When I met my ex wife, an American woman, I asked her about the future with the man she was dating. She was drunk, very American woman, and replied "We will marry, then divorce, like everyone else..."' . So based on that I called her state of mind "pre-divorced".

But the paper describe it as a general problem, unashamedly. Conveniently, no mention of the divorce side effects, like children depression and suicide.

It seems we do well when we tell our boys to learn other languages than English, so they can marry women from family-forming cultures.

No good wife material in the land of divorce, where the social fabric is melting.
Lex Talonis
3 / 5 (2) Aug 22, 2015

I wouldn't marry a modern woman.......

Great site on the subject.

Don't Marry

Why Modern, Western Marriage Has Become A Bad Business Decision For Men

"Married Men – Post Here If You Hate Your Life"

https://dontmarry...-life-2/
RMQ
5 / 5 (1) Aug 22, 2015
The focus should be moved away from feminism. It should focus in factors like the alcohol/drug consumption of women, promiscuous behavior early on, etc. Alcohol, for example, is a strong predictor of divorce, child neglect, etc. Alcohol makes people impulsive, among other problems.

Hillary Clinton stood by her family when the situation called for her virtues. I am very impressed that she did not behaved as the classic feminist, but as a traditional conservative woman, a woman of class and stature, that could care about someone else beyond her pride and vanity. I am not making the case for her political aspirations.
EWH
3 / 5 (2) Aug 22, 2015
It's really not too complicated. Divorce gives the woman court-enforced cash payments from the man, the reverse is not true.

Pre-marital promiscuity gives women the illusion that they could do better than their current husband. (Which isn't true for women in their 30s and up who think they will get the same attention as in their early 20s). Men who submit to their wives also stop being attractive to their wives - the professor is a fool if he thinks women are turned on by a guy doing the chores.
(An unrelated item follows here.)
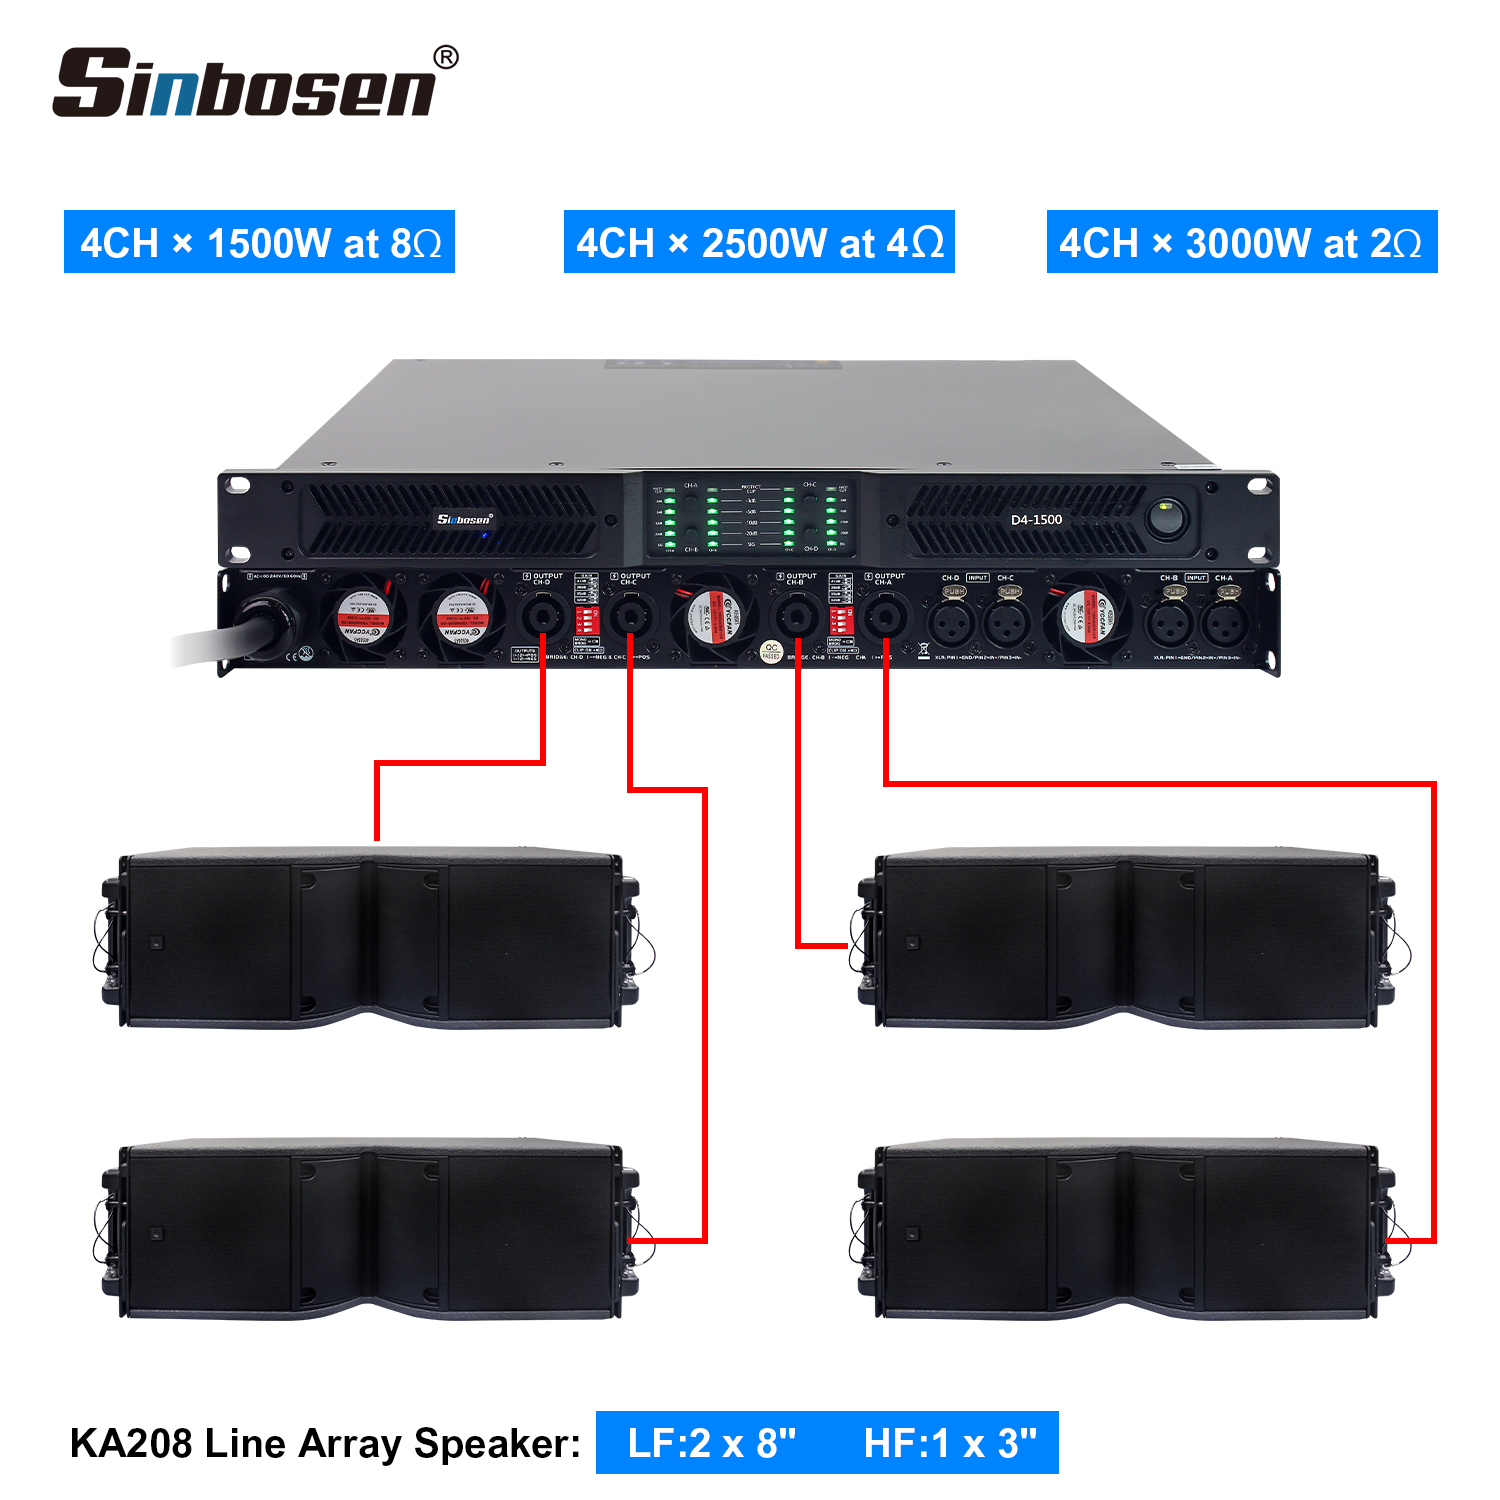 Sinbosen amplifier and speaker matching

Each sex is projecting in their own behavior what they want from the opposite sex - women want a dominant man, men want a quiet and agreeable woman, so they behave in ways that actually repel the opposite sex.

There is little social disapproval of divorce; if there were, as there was in the past, then women would be much less likely to file for divorce.
Vietvet
1 / 5 (4) Aug 22, 2015


There is little social disapproval of divorce; if there were, as there was in the past, then women would be much less likely to file for divorce.

And they would be suffer in miserable marriages, especially if married to an ahole like you.